We can follow a `URL -> content -> image object -> vector` path.

In [2]:
import requests
from functools import lru_cache

@lru_cache(maxsize=10000)
def url_to_content(url):
    """
    Turn a URL to response content.
    """
    response = requests.get(url)
    return response.content

In [3]:
from PIL import Image
from io import BytesIO

@lru_cache(maxsize=10000)
def url_to_image(url):
    """
    Turn a URL to a PIL Image.
    """
    img = Image.open(BytesIO(url_to_content(url))).convert("RGB")
    return img

-   <details open><summary>Caching and reading from disk</summary>
    This guide uses [`@wrappy.memoize`](https://erniethornhill.github.io/wrappy/) in place of `@functools.lru_cache` for caching.

    -   The benefit is that `wrappy.memoize` can persist the cache to disk, speeding up code across sessions.

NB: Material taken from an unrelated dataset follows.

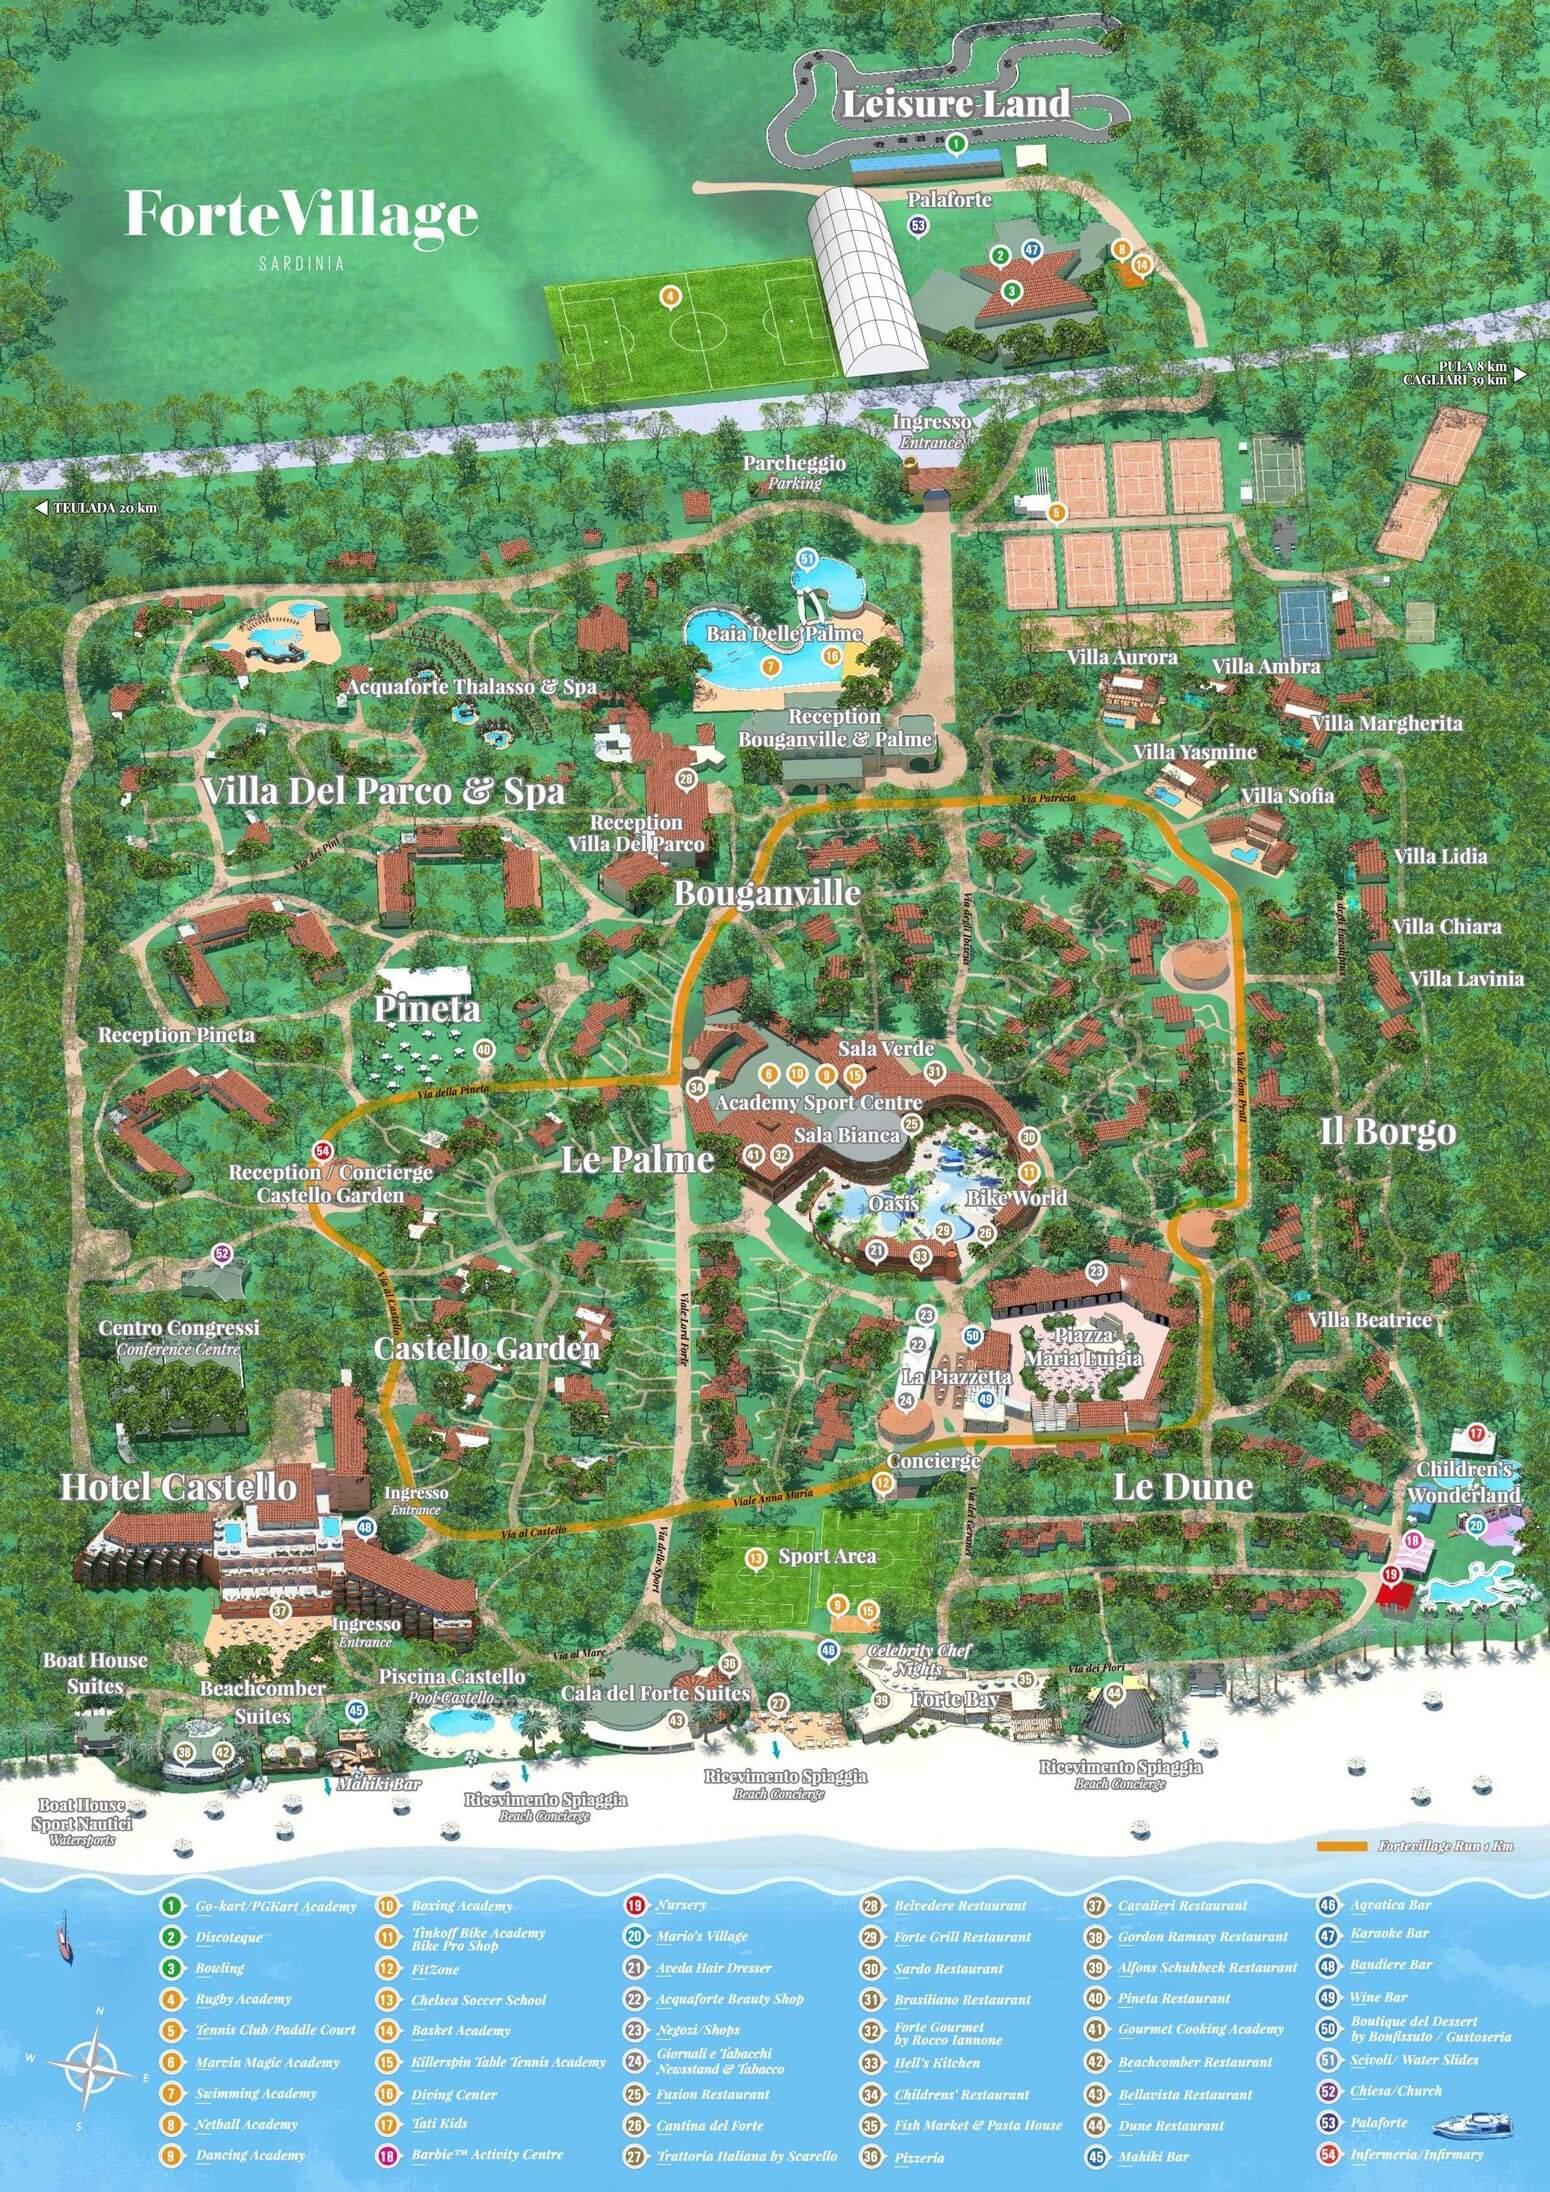 Tennisurlaub Im Forte Village Resort Auf Sardinien

    Cached values for this guide have been pre-computed, making it much master to run the guide.

</details>

In [4]:
import torch
import wrappy
from efficientnet_pytorch import EfficientNet
from torchvision import transforms

# EfficientNet is a series of pre-trained models
# https://github.com/lukemelas/EfficientNet-PyTorch
effnet = EfficientNet.from_pretrained("efficientnet-b0")
effnet.eval()

# standard transformations for ImageNet-trained models
tfms = transforms.Compose(
    [
        transforms.Resize(224),
        transforms.ToTensor(),
        transforms.Normalize([0.485, 0.456, 0.406], [0.229, 0.224, 0.225]),
    ]
)

@wrappy.memoize(cache_limit=10000, persist_path='custom_cache/image_url_to_vector.pkl')
def vectorizer(url):
    """
    Using logits on ImageNet-1000 classes.
    """
    img = tfms(url_to_image(url)).unsqueeze(0)

    with torch.no_grad():
        outputs = effnet(img)

    return outputs.detach().numpy().flatten()

Downloading: "https://github.com/lukemelas/EfficientNet-PyTorch/releases/download/1.0/efficientnet-b0-355c32eb.pth" to /home/runner/.cache/torch/hub/checkpoints/efficientnet-b0-355c32eb.pth


  0%|          | 0.00/20.4M [00:00<?, ?B/s]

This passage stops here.